The faith’s “successful attempt to place the burden of suppressing envy on the envious rather than the envied was a critical factor in the unparalleled prosperity that accompanied Christianity's dominance of Western civilization.”
In the mix
• In The Dispatch, FreeCon signatory Kevin Williamson reflected on Zohran Mamdani’s Democratic primary win in the New York mayoral race and rhetorical uses of the term “socialism.”
“There was a time” Williamson wrote, “when one might have argued that Sweden or Denmark, or even the United Kingdom, offered an example of democratic socialism, but all of those countries embarked on courses of market-oriented liberal reform — precisely because they are democratic, and the demos was not satisfied with the results of socialism: regimentation, stagnation, rationing, etc.”
“If by ‘socialist’ Zohran Mamdani means ‘to the left of Andrew Cuomo, and more uncompromising,’ then that is not a great place to be, and it has its own problems. If he is serious about trying to supplant Gristedes with a state-run enterprise, then he is a hall of fame fool in a city that really cannot afford another one.”

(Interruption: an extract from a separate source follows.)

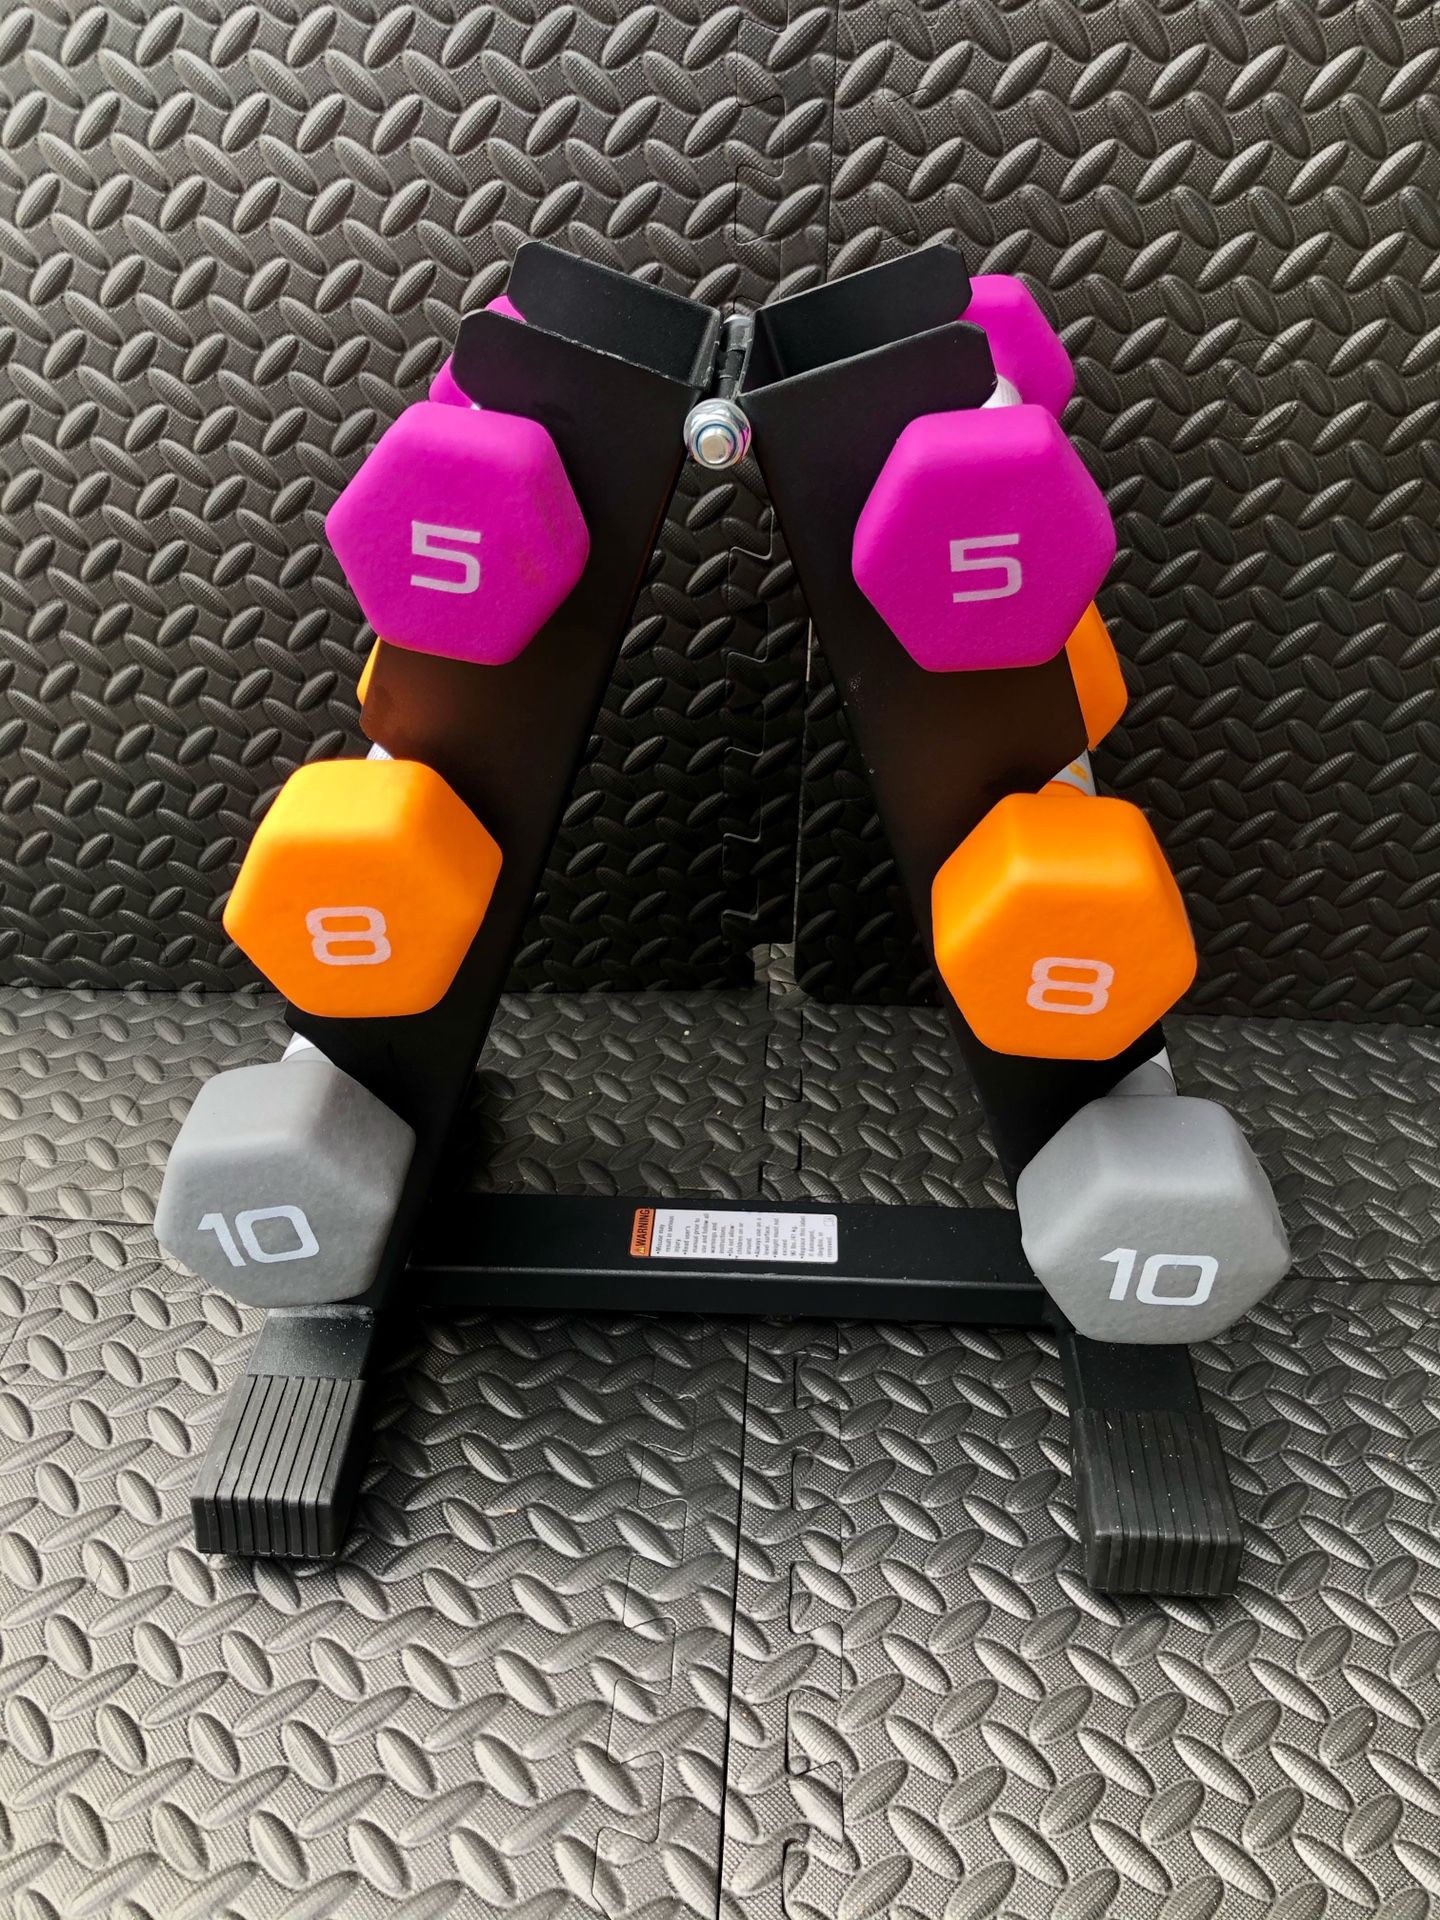 Dumbbells- weight lifting - 3 sets neoprene dumbbells

• At The Daily Economy, FreeCon signatory Vance Ginn evaluated a new technology-policy playbook published by American Compass and other organizations with a nationalist-populist bent.

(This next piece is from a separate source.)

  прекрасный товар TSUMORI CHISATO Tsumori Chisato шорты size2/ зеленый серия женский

Its “message is simple: America must compete with China, rebuild its industrial base, and restore national greatness,” wrote Ginn, an economics consultant for Americans for Tax Reform, the Pelican Institute, and other policy nonprofits.
“But the policy prescription is anything but conservative. It’s industrial policy — a warmed-over central planning scheme that expands government authority in the name of economic vitality.”
“Liberty doesn’t need a five-year plan. It needs guardrails, not gates. It needs accountability, not committees. And it needs trust — in people, in markets, and in the timeless truth that free societies produce the most prosperous, dynamic, and moral outcomes the world has ever known.”
• In the Washington Examiner, FreeCon signatory Stephen Kent celebrated news reports that the Trump administration has decided against issuing a health directive that would have discouraged all alcohol consumption.
“Americans know that alcohol, when abused, is dangerous,” wrote Kent, media director at the Consumer Choice Center. “What we need now from Washington isn’t more paternalism, but a framework that supports individual agency and healthy habits on everything from diet to exercise.”
“A life of balance provides the most possibility for individual choice, and the government’s role is to inform, not prescribe.”